• ASSIGNMENT:
Without copying any picture, return all lines below exactly.

• DATASET EXTRACT:
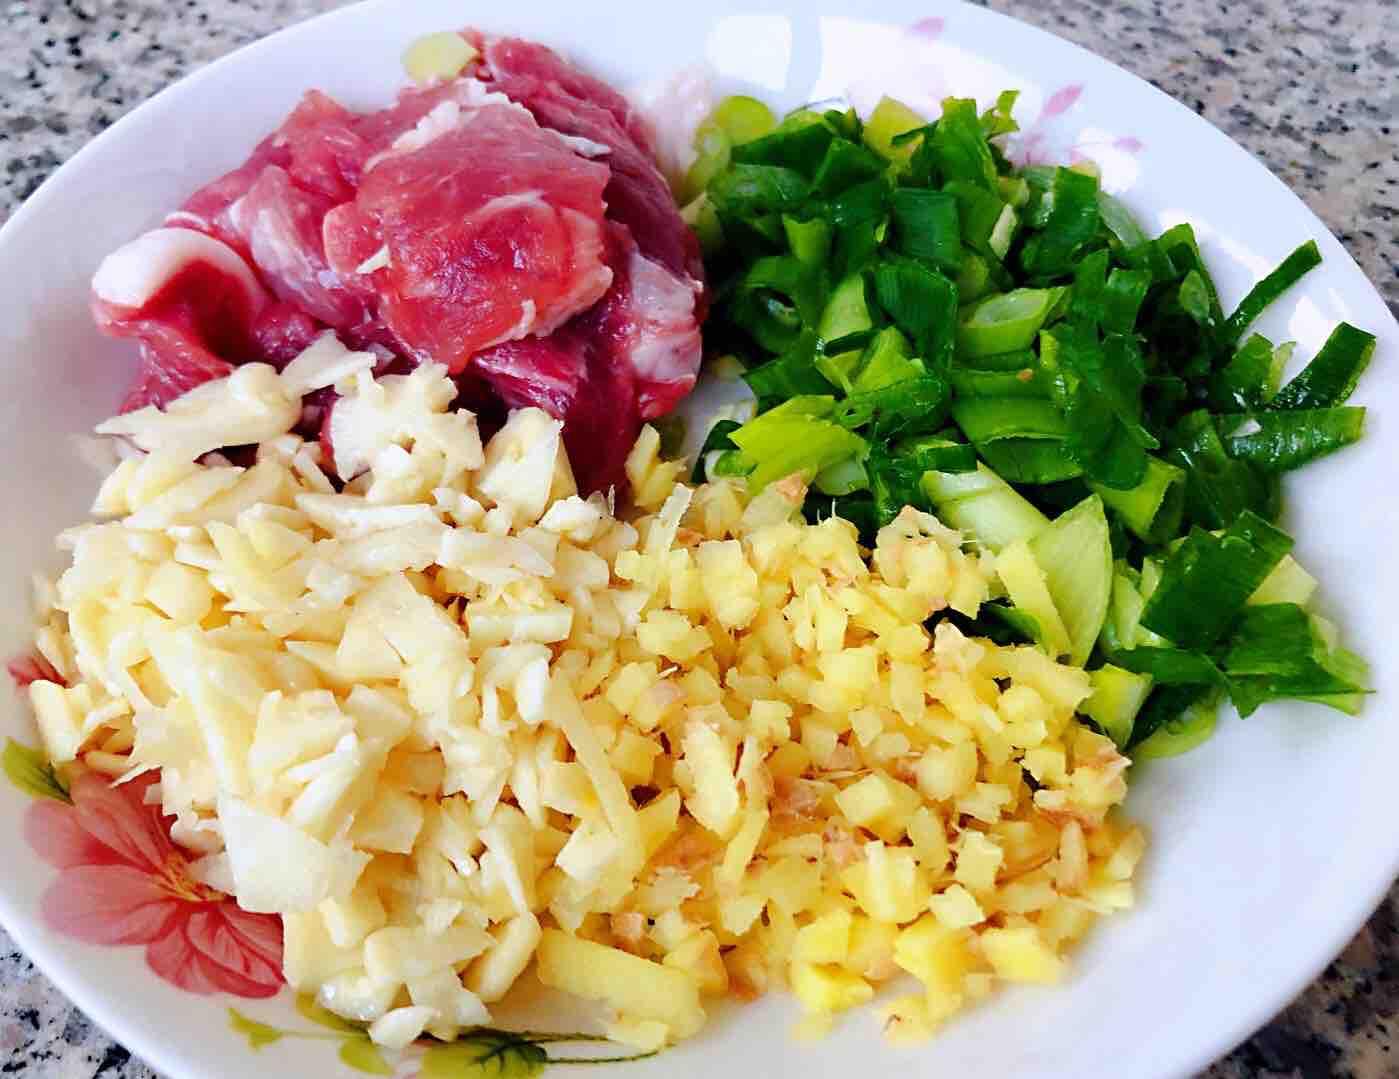 土豆茄子炖五花肉的做法图解
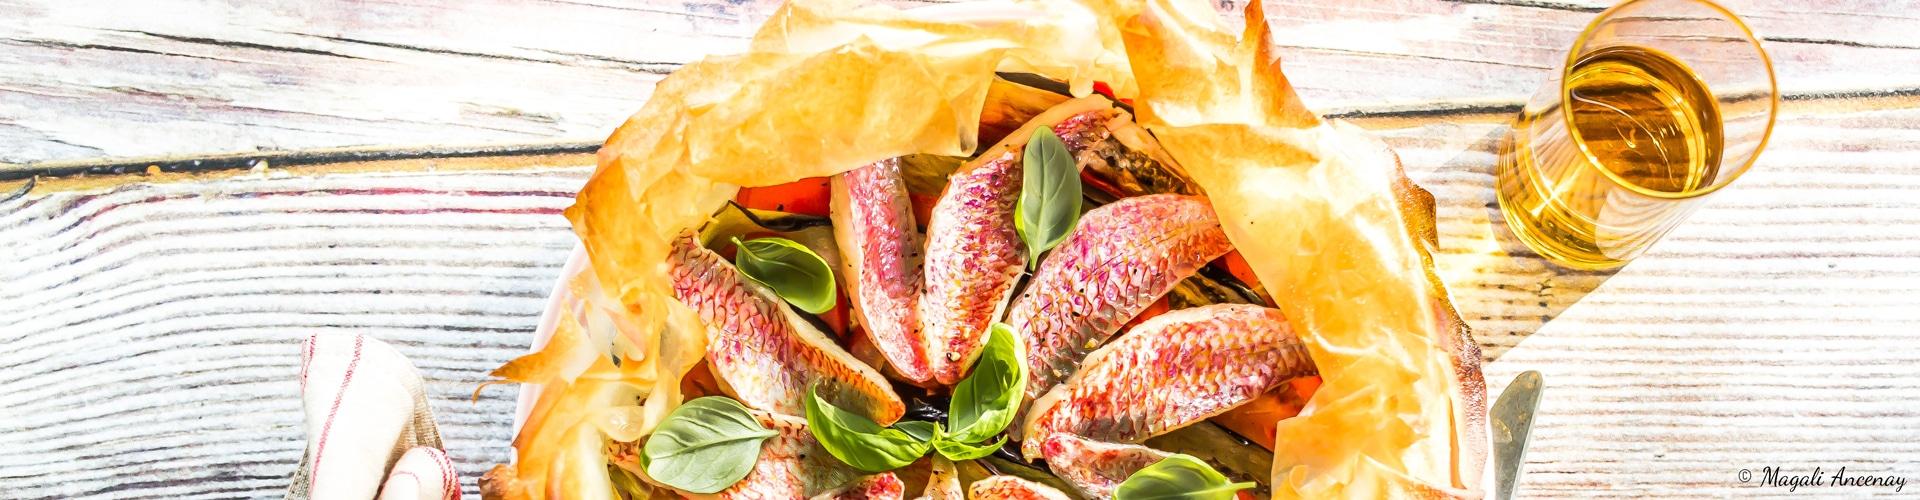 tarte-rouget-huile-olive-aubergine-tomates-france-dejeuner
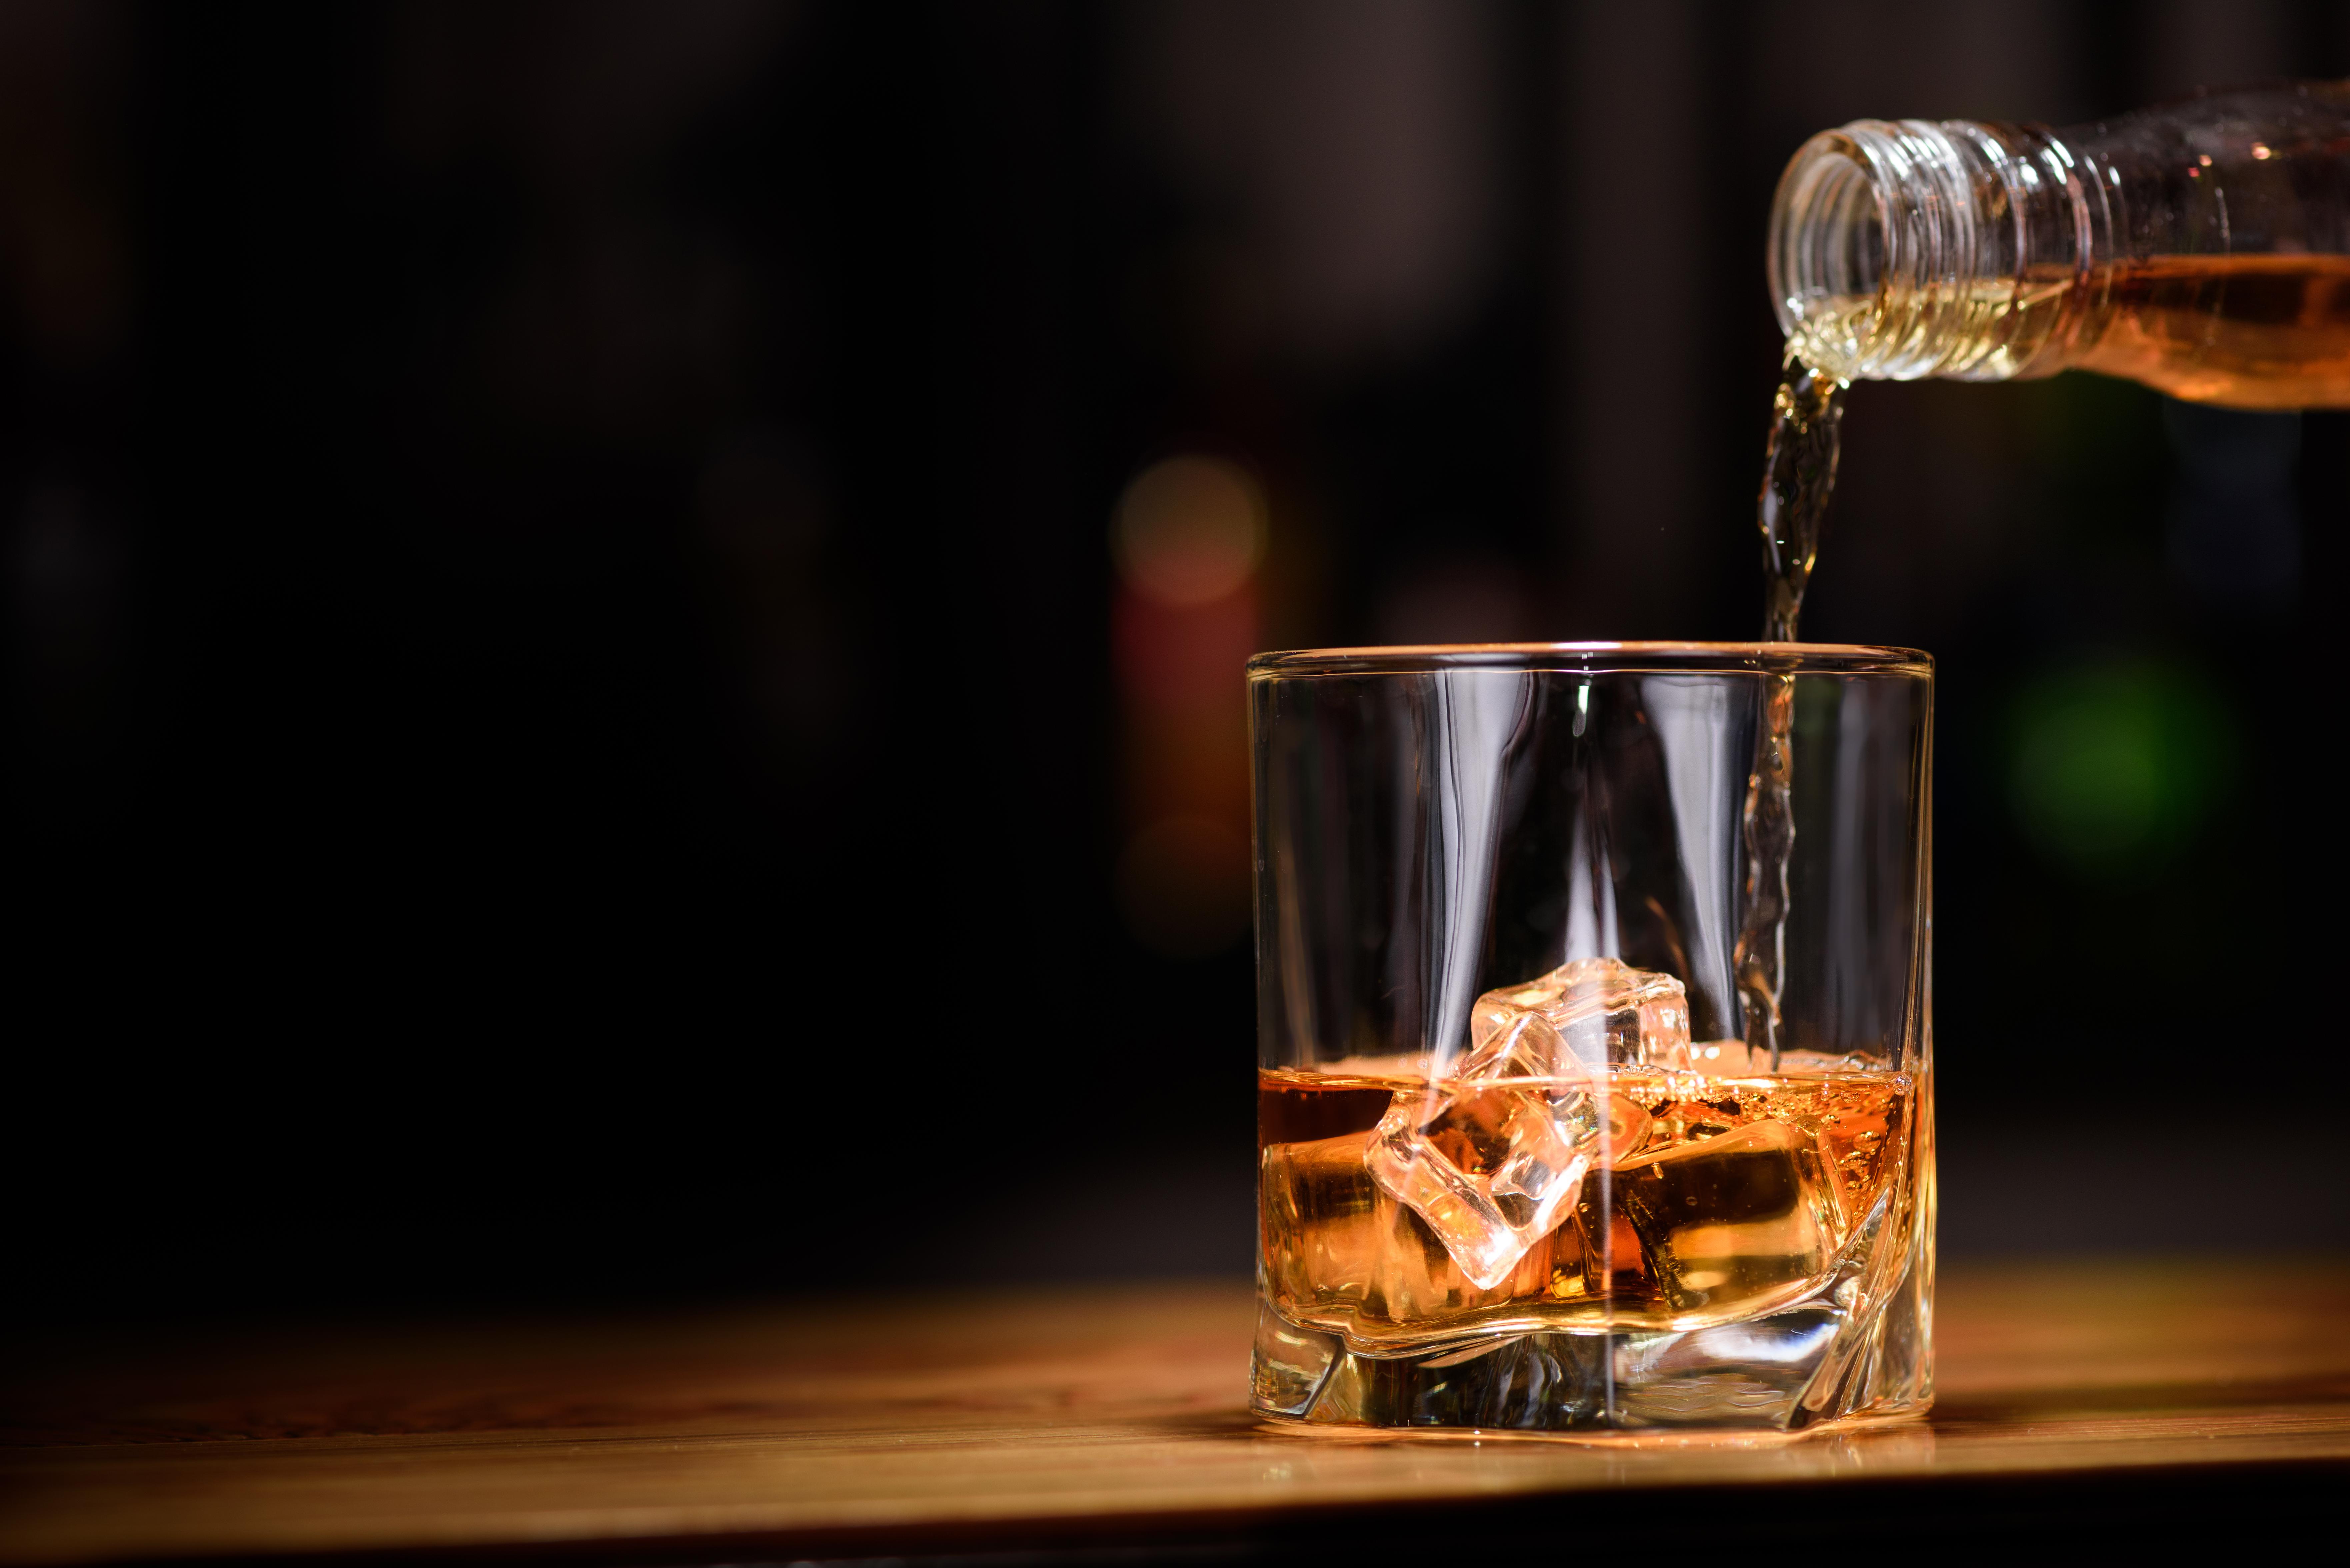 <p>Алкохол Алкохолът е известен със своя релаксиращ ефект. Всъщност много хора споделят, че малко алкохол по време на вечеря им помага да заспиват по-лесно. На практика обаче алкохолът може да намали качеството и продължителността на съня ви. Ето защо, въпреки че алкохолът може да ви помогне да се почувствате по-спокойни или да заспите по-лесно, в зависимост от количеството, което консумирате, той всъщност може да източи енергията ви и на следващата сутрин да се събудите по-малко отпочинали.</p>

• PROBLEM SOLUTION:
 土豆茄子炖五花肉的做法图解
 tarte-rouget-huile-olive-aubergine-tomates-france-dejeuner
 <p>Алкохол Алкохолът е известен със своя релаксиращ ефект. Всъщност много хора споделят, че малко алкохол по време на вечеря им помага да заспиват по-лесно. На практика обаче алкохолът може да намали качеството и продължителността на съня ви. Ето защо, въпреки че алкохолът може да ви помогне да се почувствате по-спокойни или да заспите по-лесно, в зависимост от количеството, което консумирате, той всъщност може да източи енергията ви и на следващата сутрин да се събудите по-малко отпочинали.</p>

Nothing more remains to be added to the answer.